Abstract
Introduction: Venous malformations (VMs) are a prevalent type of congenital vascular disorder, affecting nearly 1% of the population. These low-flow vascular anomalies often lead to chronic swelling, pain, and mobility challenges, often interfering with a child’s daily life. Their development is mostly caused by genetic abnormalities in the TIE2/TEK and PIK3CA pathways, which cause poor venous remodeling and vascular proliferation. This study aims to assess the clinical manifestations, diagnostic methods, and therapeutic alternatives for pediatric venous malformations, emphasizing the effectiveness of different treatment modalities. Recognizing clinical presentations and understanding treatment outcomes are essential for improving early diagnosis and optimizing patient-centered care strategies.
Materials and methods: Between 2019 and 2023, the Clinic for Pediatric Surgery in Skopje treated 38 pediatric patients with venous abnormalities. Patient demographics, lesion characteristics, and treatment options (including conservative management, sclerotherapy, and surgical intervention) were examined.
Results: The majority of patients (39.5%) received conservative treatment, whereas 23.7% underwent sclerotherapy and 34.2% needed surgical intervention. Sclerotherapy results were evaluated according to lesion size. Treatment was effective for smaller lesions (<5 cm), while bigger or recurring cases required multiple treatment sessions.

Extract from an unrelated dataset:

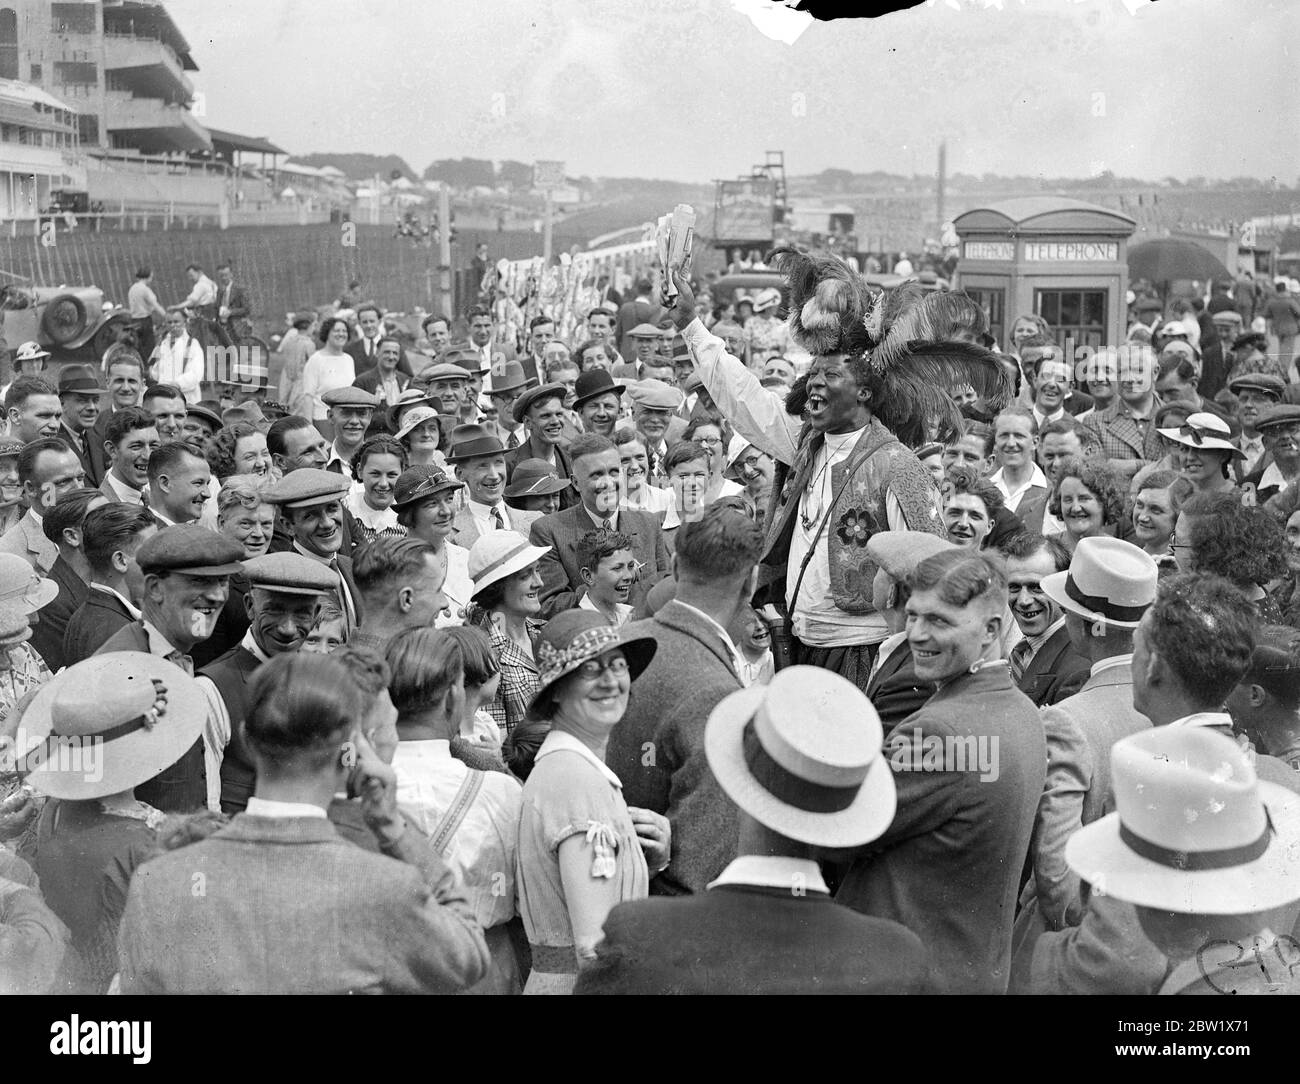 Il principe Monolulu dà la sua punta di Derby alle folle di domenica. Favorita dal tempo estivo reale, grandi folle si sono riunite per ispezionare il corso di Derby a Epsom oggi (Domenica di Derby). Tutte le figure colorate che rendono l'evento più famoso di Derby Day Racing, erano sul campo. Spettacoli fotografici, Ras Prince Monolulu che dà il suo viaggio in Derby alla grande folla sul corso di oggi, (Domenica di Derby). 30 maggio 1937 Foto Stock

Conclusion: The results highlight the importance of early identification and individualized treatment strategies for pediatric venous malformations. Sclerotherapy is the primary therapeutic option for minor to moderate lesions, whereas surgical intervention is designated for symptomatic or refractory patients. A multidisciplinary approach is crucial for enhancing patient outcomes, and future research should focus on the advancement of minimally invasive therapeutic techniques and the exploration of targeted genetic medicines.